10.  Where an application is made for a variation to a provision of a clinical trial certificate and the variation applied for consists of no more than a change of either or both the name and address of the holder of the certificate, the fee payable under regulation 7(a) shall be £80.

Identical variations

11.  Subject to paragraph 12 below, where more than one application is made at the same time by the same applicant for the variation of a product licence, a manufacturer’s licence, a wholesale dealer’s licence or a clinical trial certificate and where the applications are for identical variations, the fee payable under regulation 7(a)—

(a)in connection with the first application considered by the licensing authority shall be the appropriate amount specified in this Part of this Schedule;

(b)in connection with each of the other applications shall be 50% of that amount.
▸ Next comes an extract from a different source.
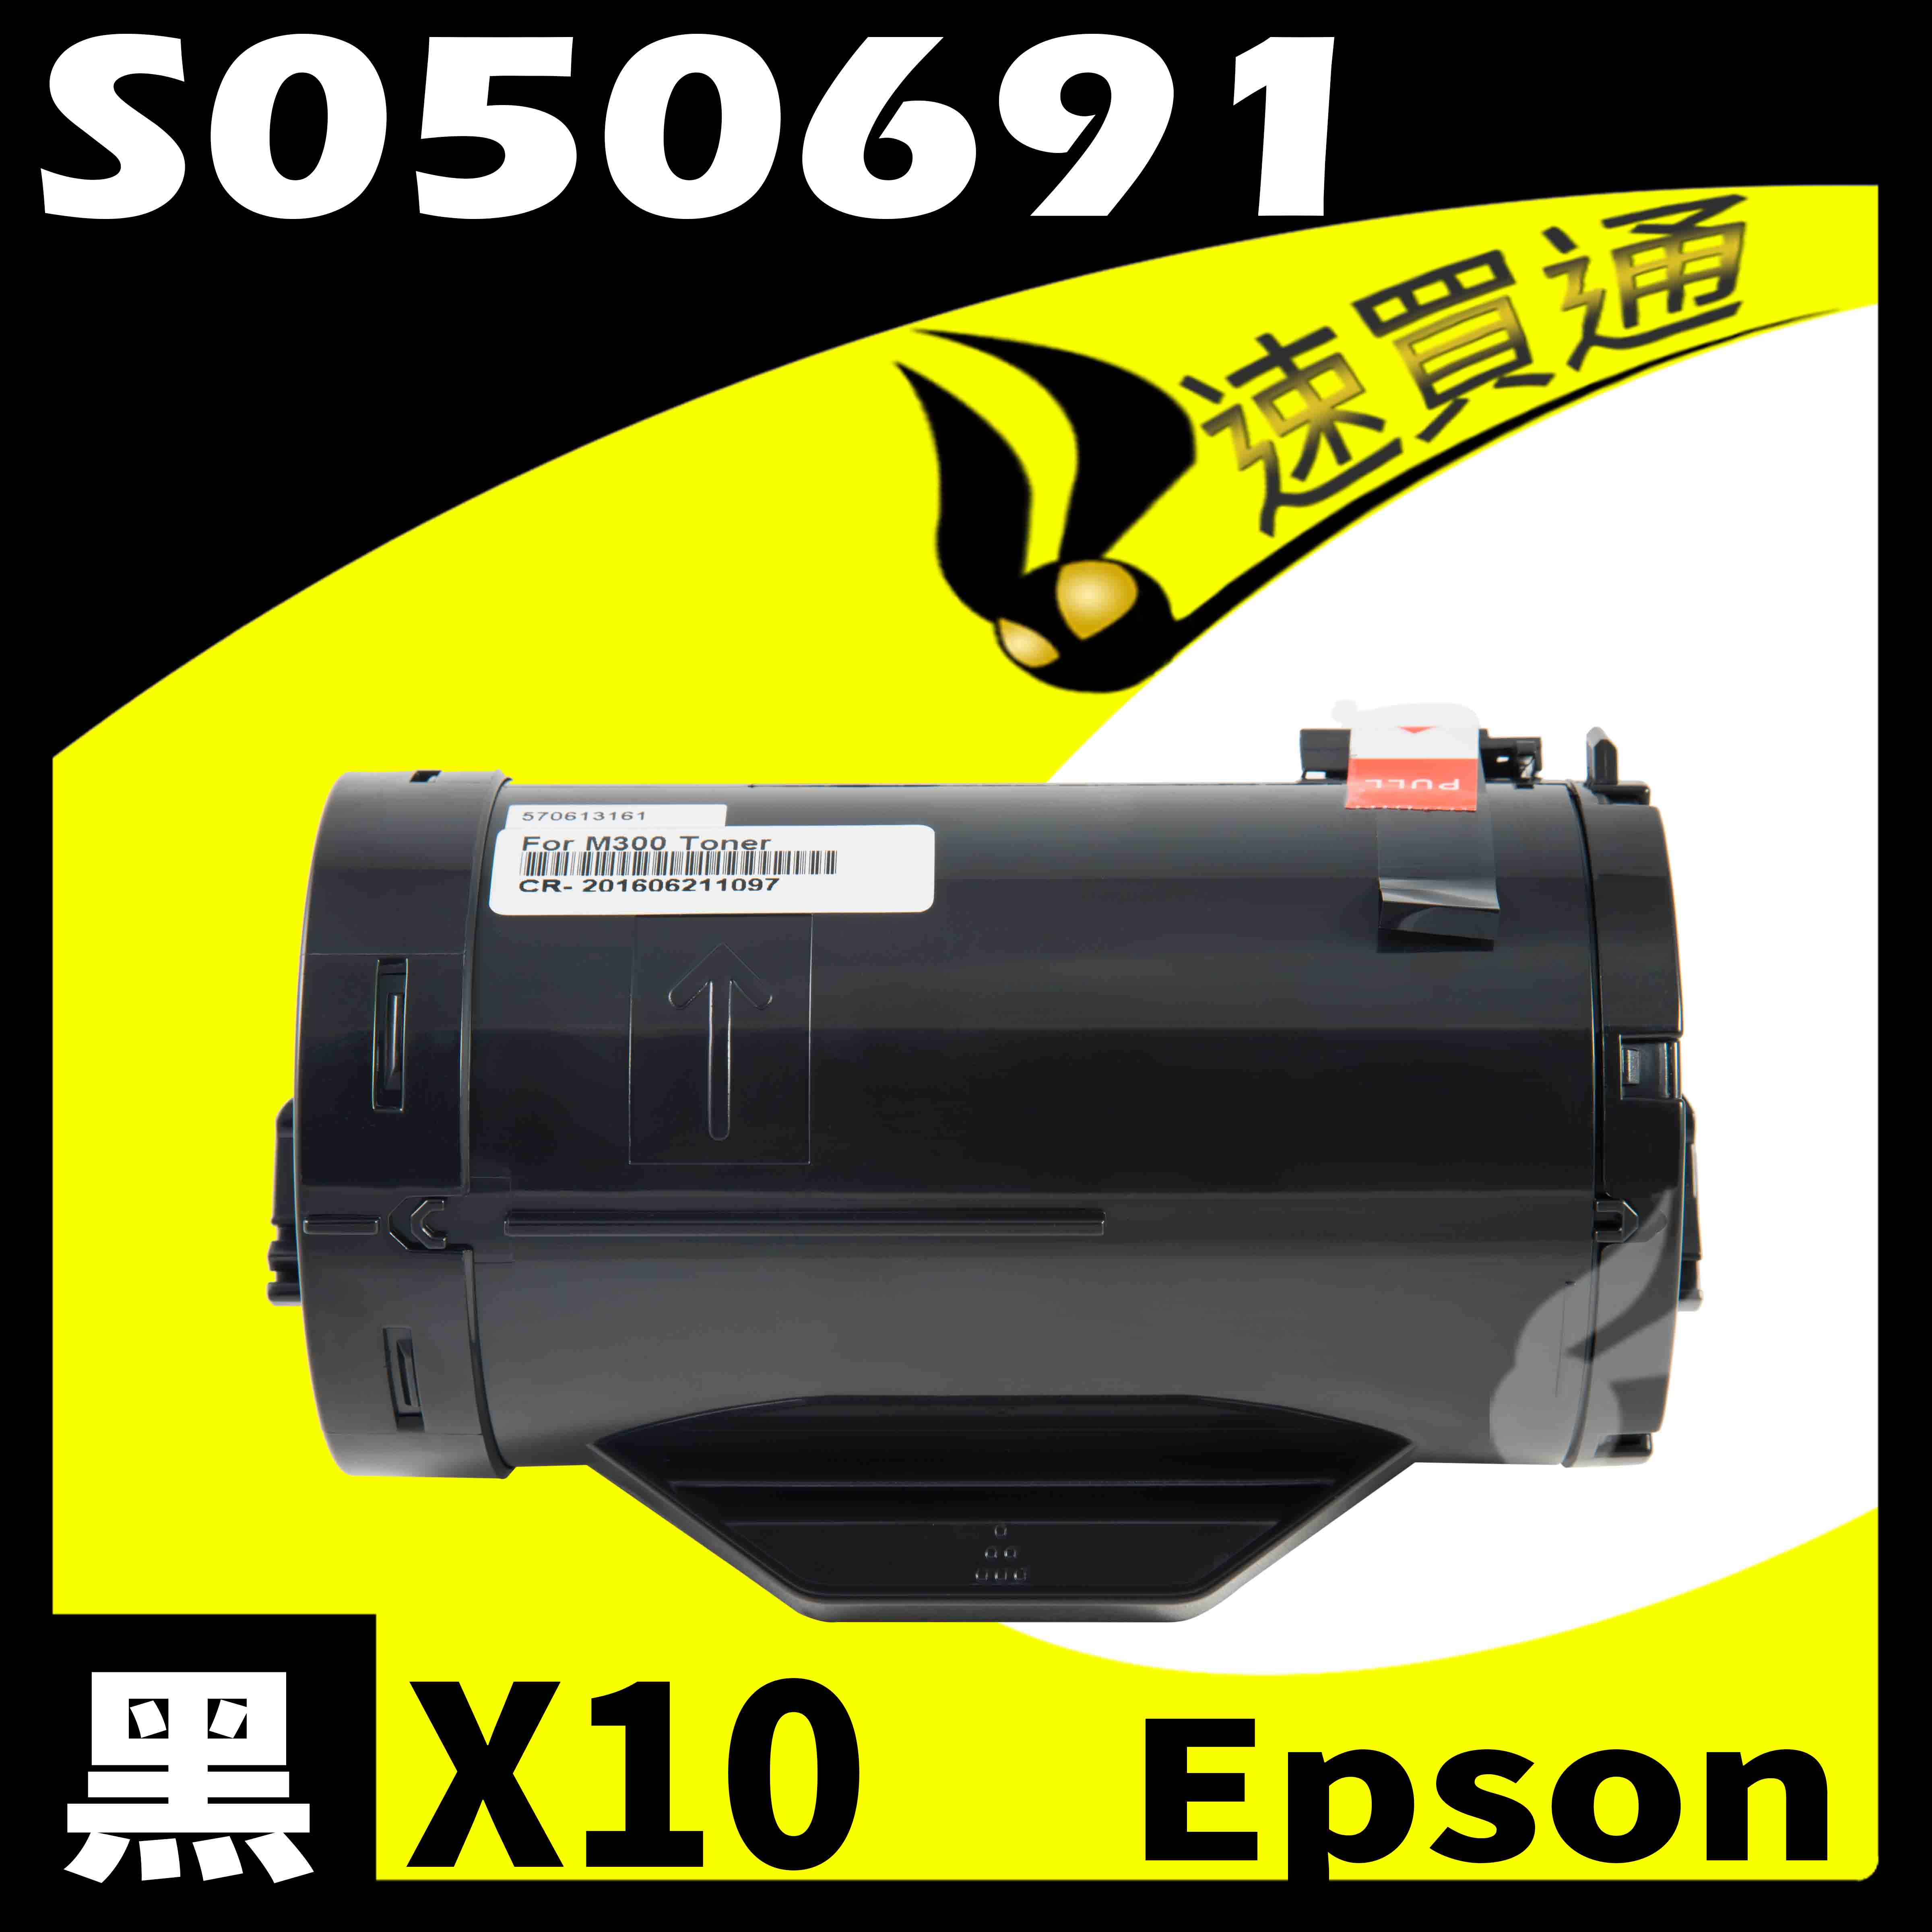 【速買通】超值10件組 EPSON M300DN/S050691 相容碳粉匣

12.  Where more than one complex application is made at the same time by the same applicant for the variation of a product licence, the fee payable under regulation 7(a)—

(a)in connection with the first application considered by the licensing authority shall be the appropriate amount specified in this Part of this Schedule;

(b)in connection with each of the other applications where the applications are for identical variations and in respect of which no further medical, scientific or pharmaceutical assessment is required shall be the amount which would be payable if the application was not a complex application.